## Task objective
The expected result is an exact copy of the lines from the one holding "20113 NE 16th" to the last line of the material, with pictures removed and nothing added.

── The data

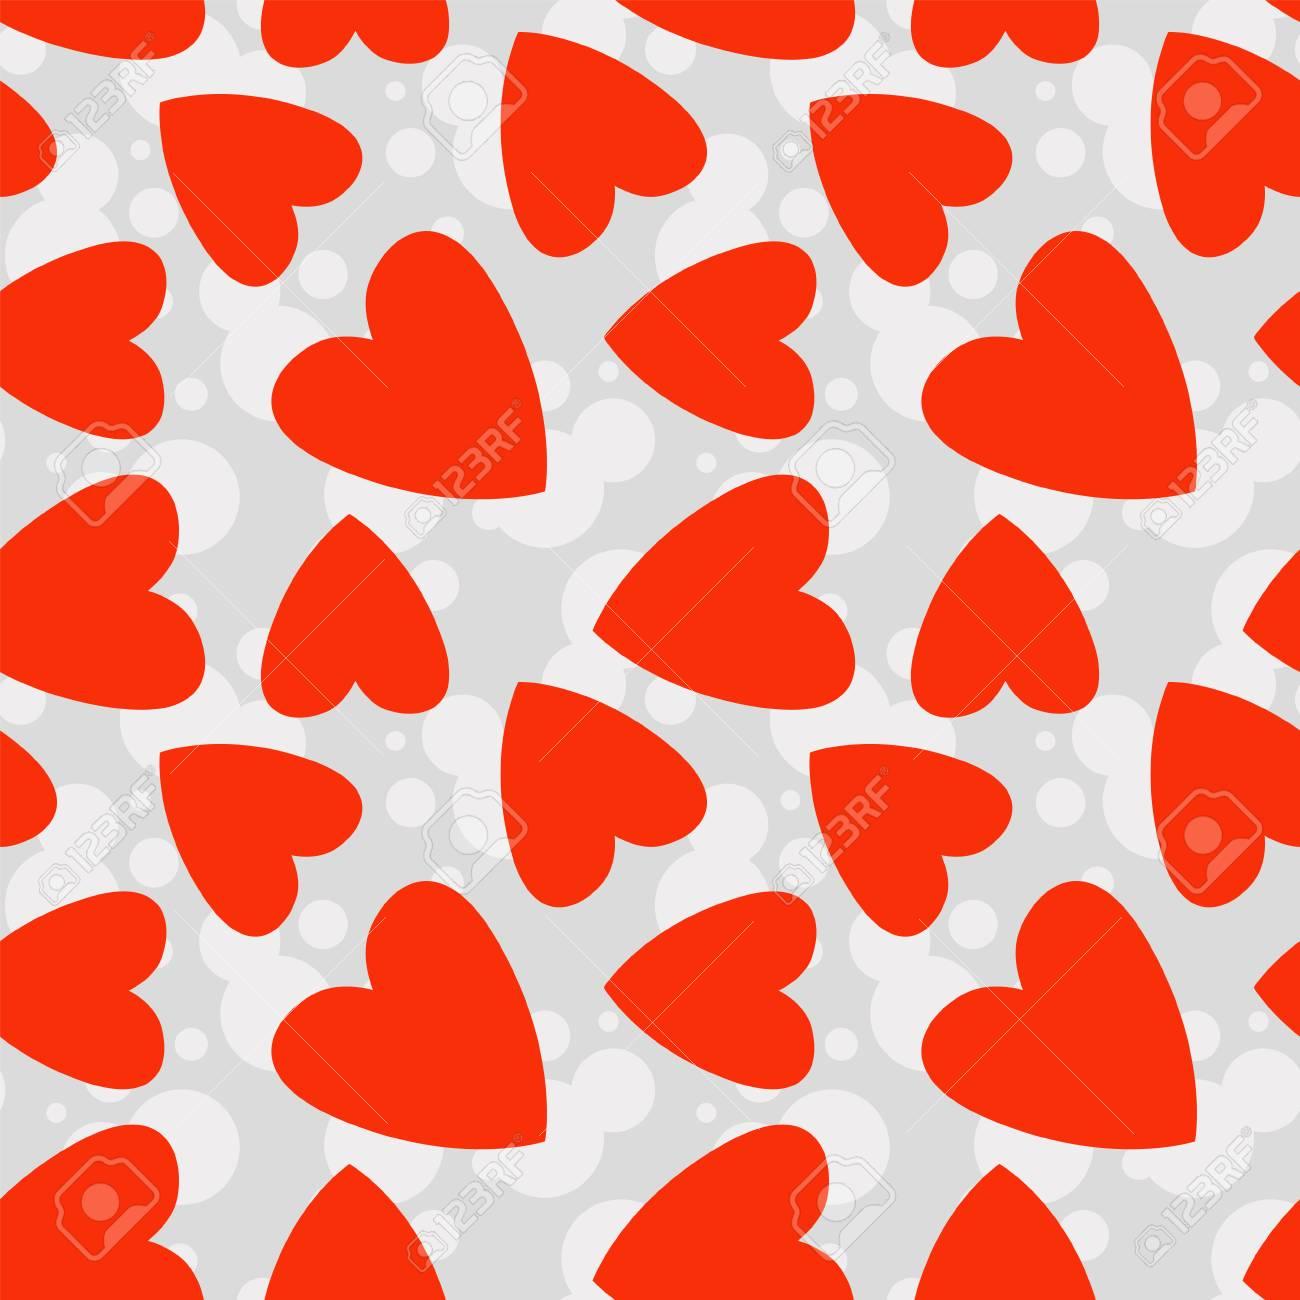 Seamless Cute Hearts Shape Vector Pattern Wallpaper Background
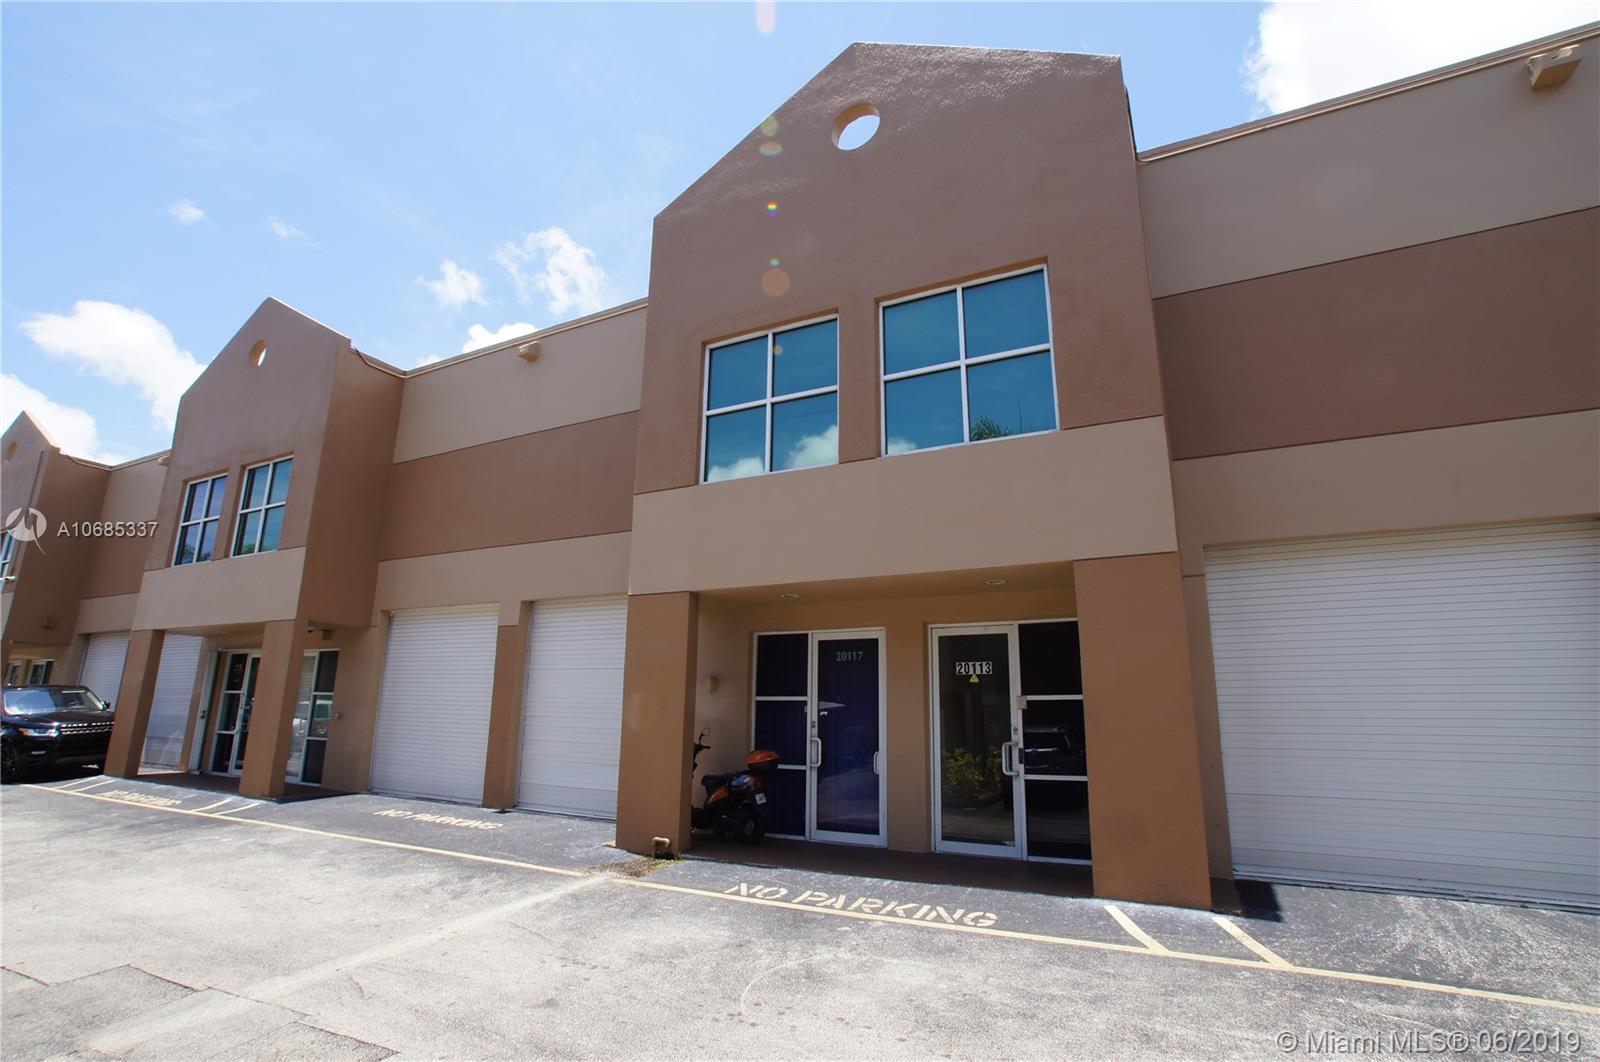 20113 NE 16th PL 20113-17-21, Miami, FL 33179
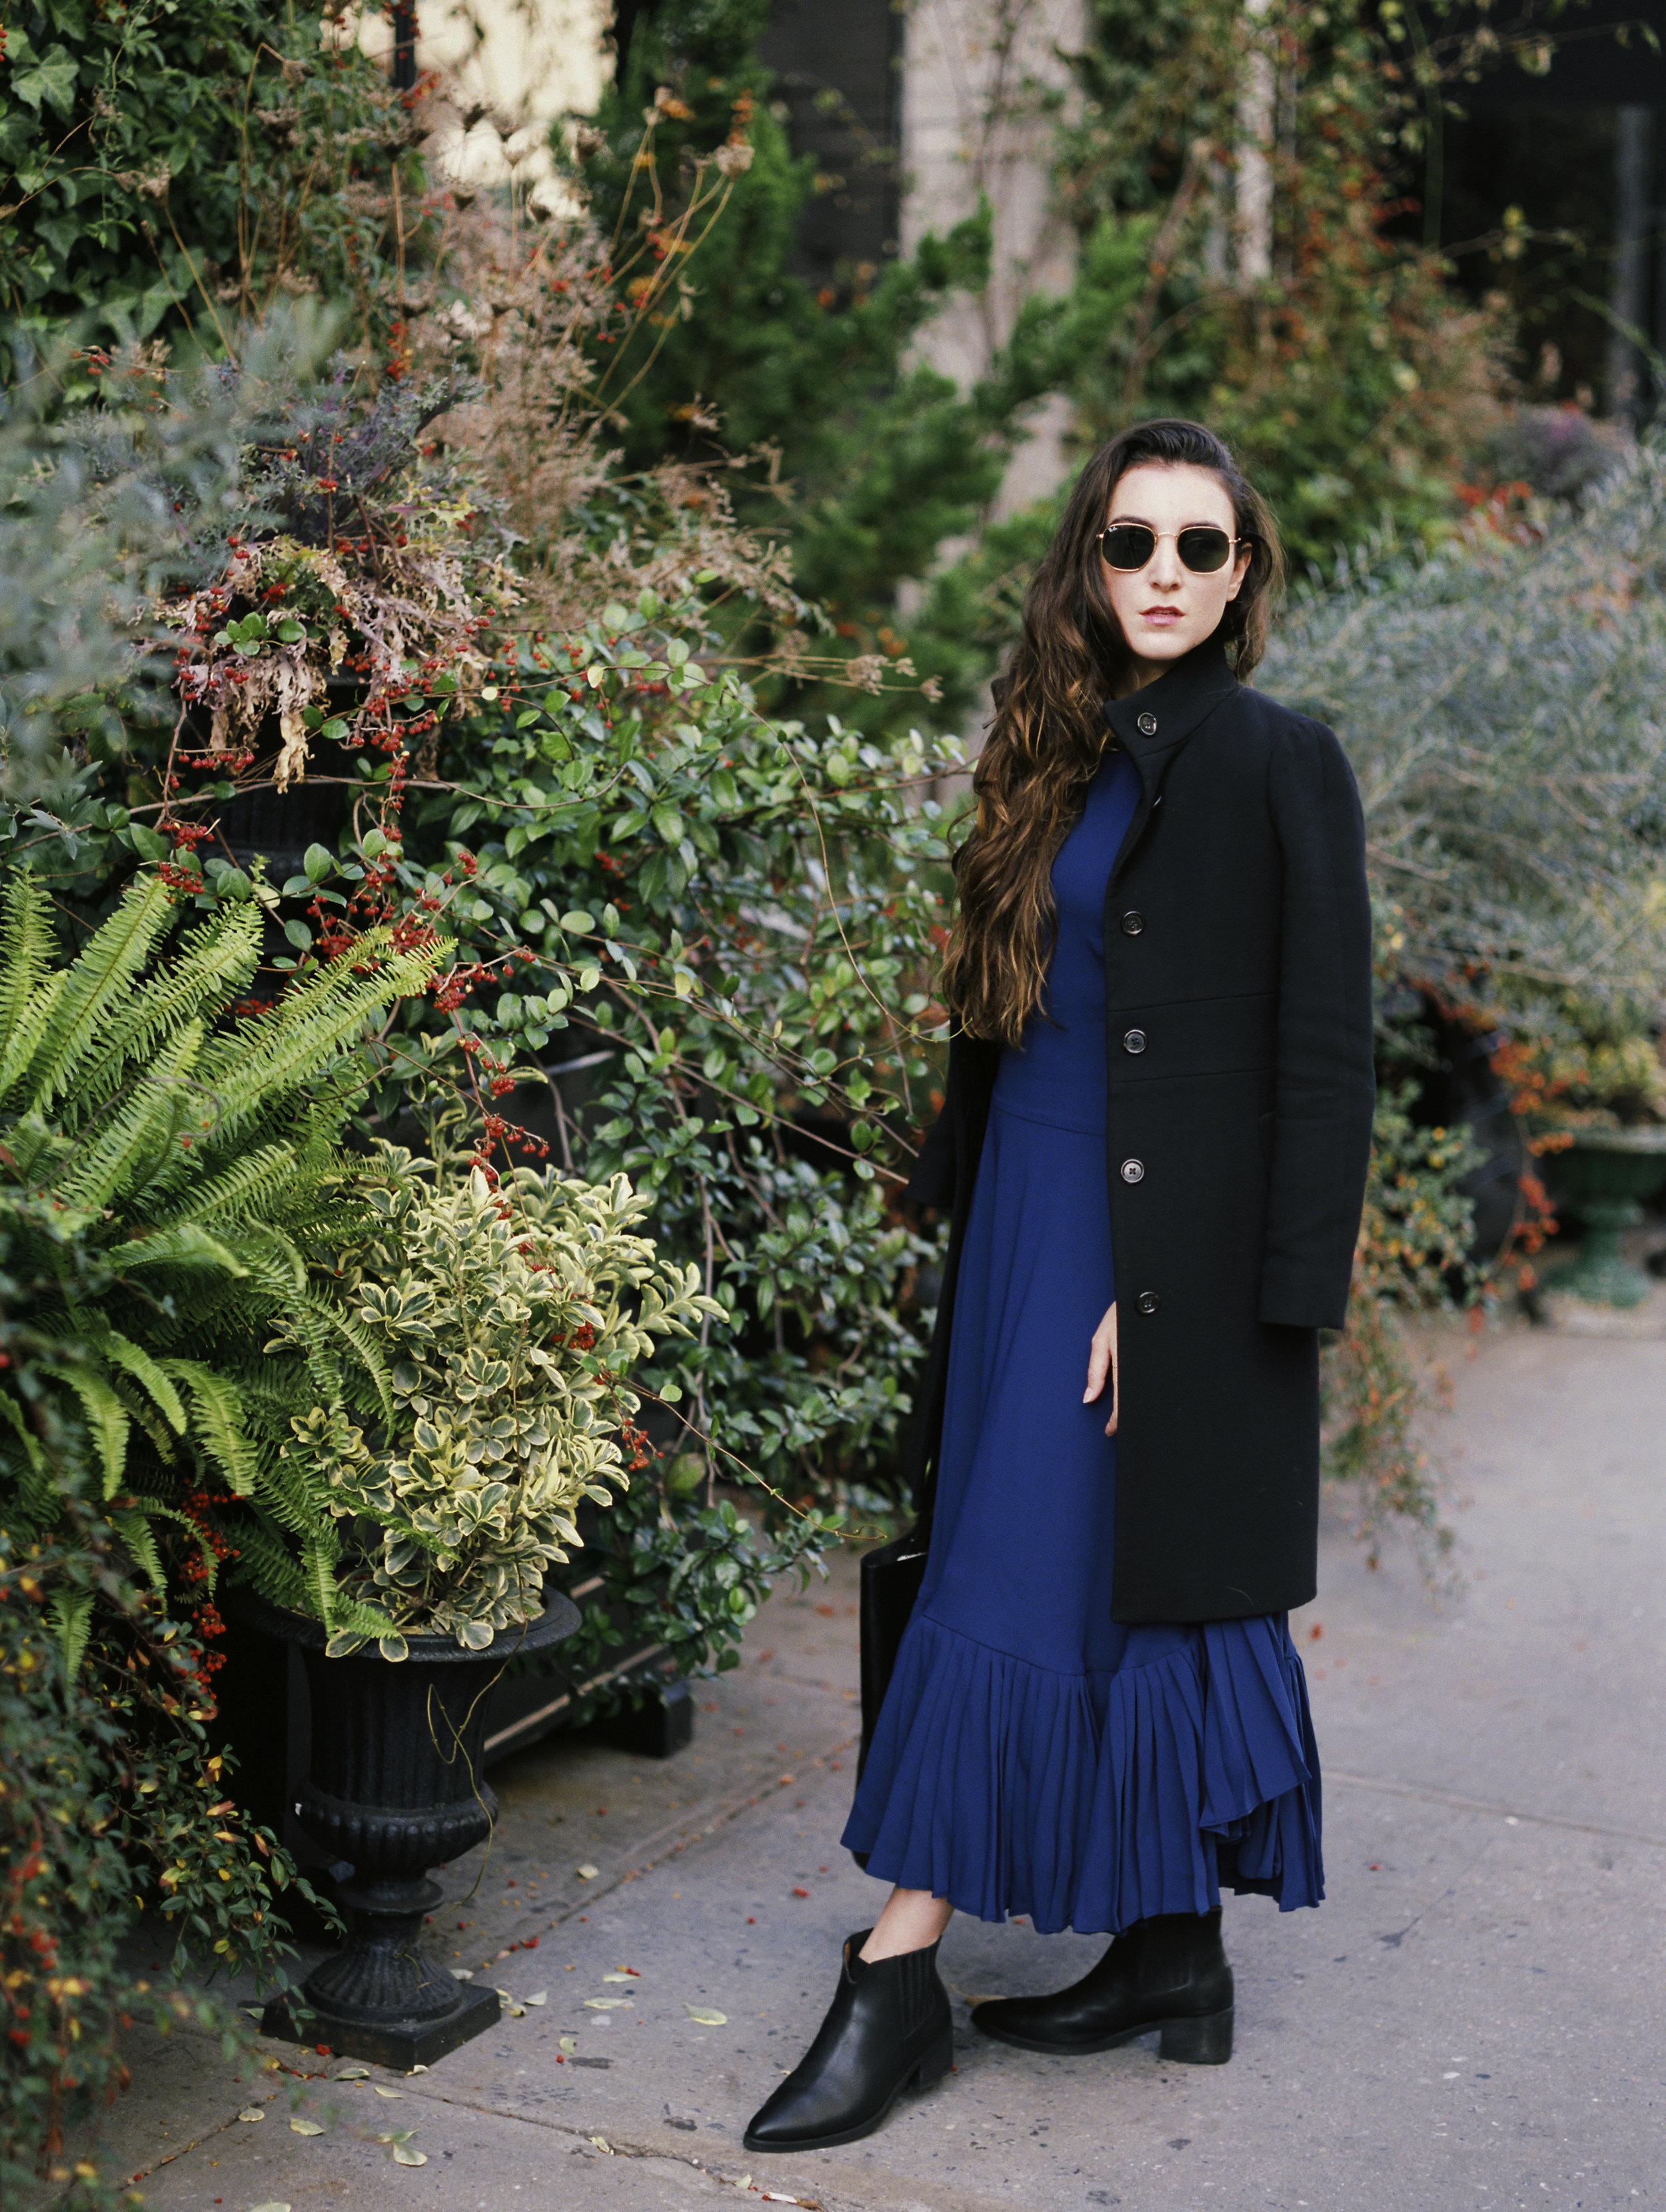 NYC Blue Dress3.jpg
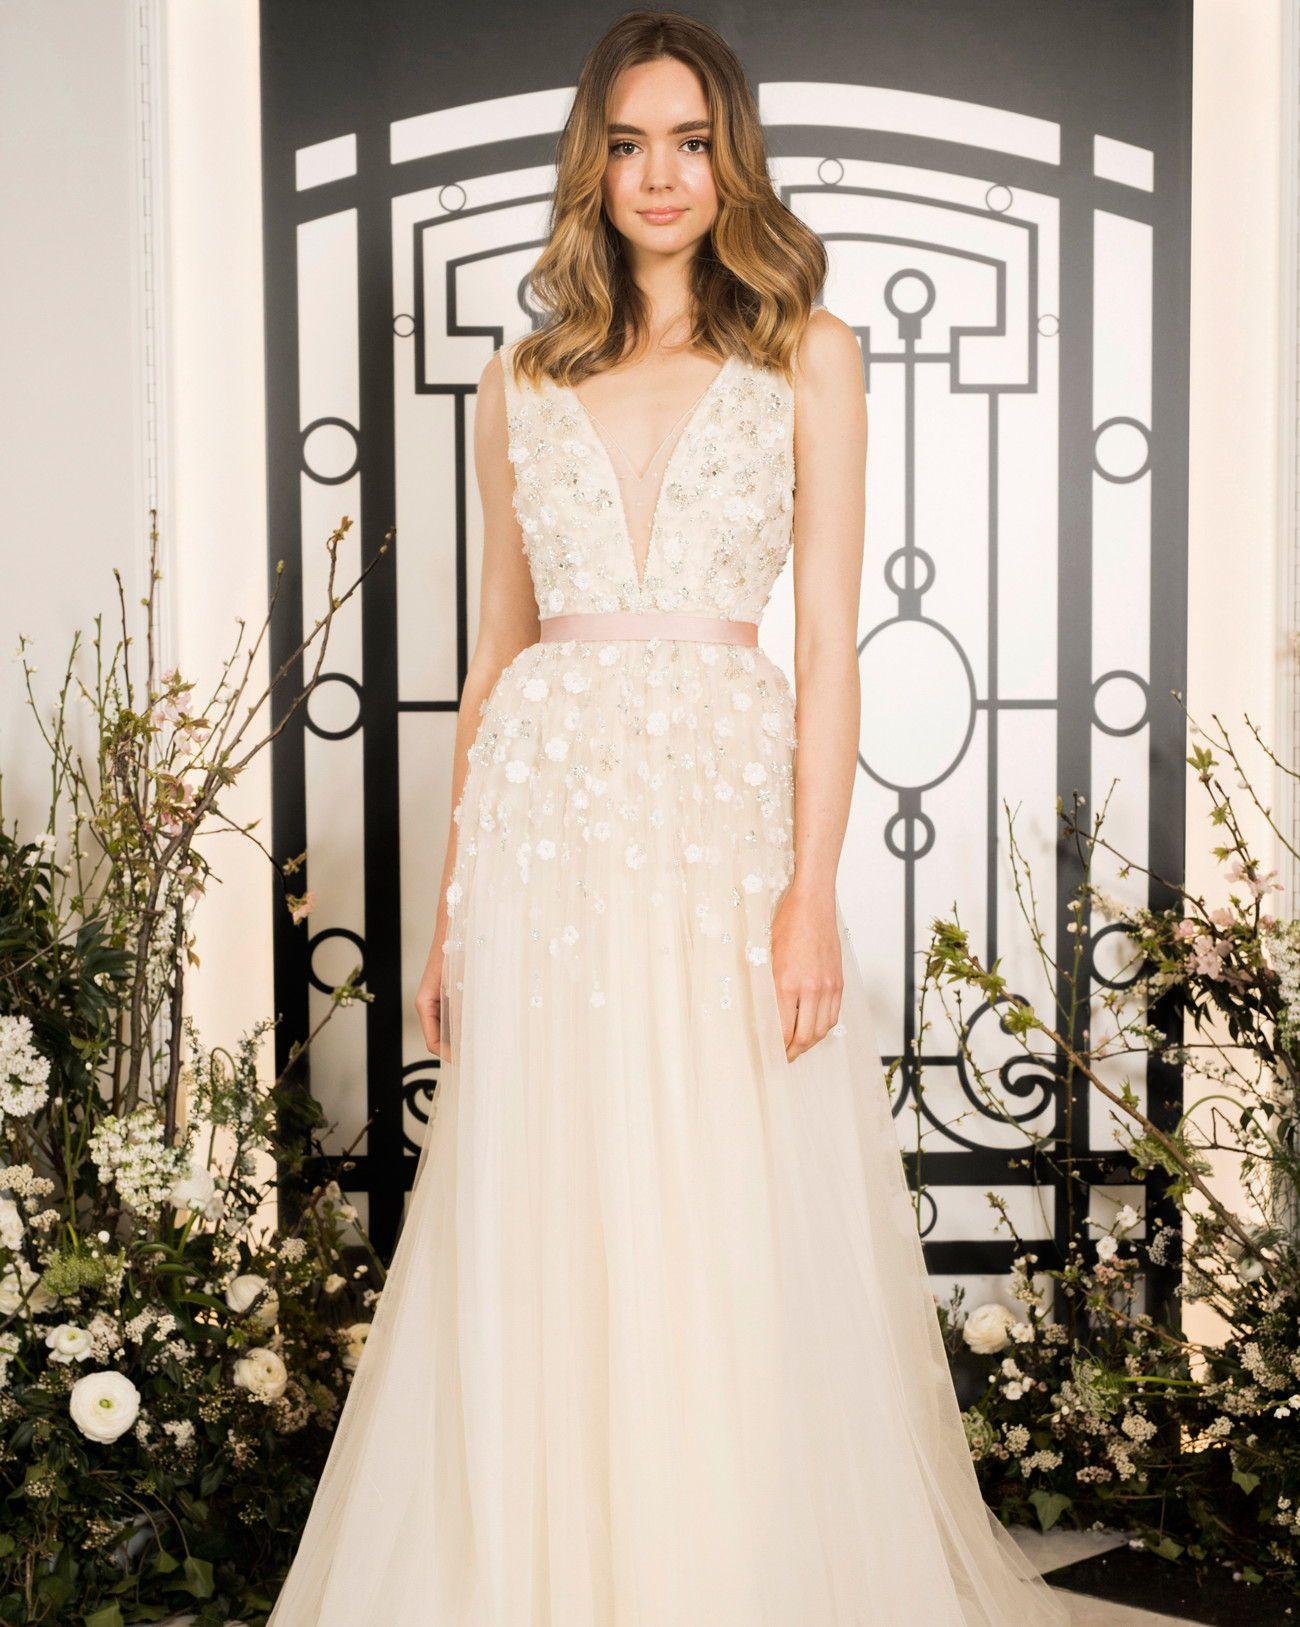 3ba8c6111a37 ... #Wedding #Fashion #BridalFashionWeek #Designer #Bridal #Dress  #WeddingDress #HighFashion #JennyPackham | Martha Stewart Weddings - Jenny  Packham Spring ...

────

## Result
 20113 NE 16th PL 20113-17-21, Miami, FL 33179
 NYC Blue Dress3.jpg
 3ba8c6111a37 ... #Wedding #Fashion #BridalFashionWeek #Designer #Bridal #Dress  #WeddingDress #HighFashion #JennyPackham | Martha Stewart Weddings - Jenny  Packham Spring ...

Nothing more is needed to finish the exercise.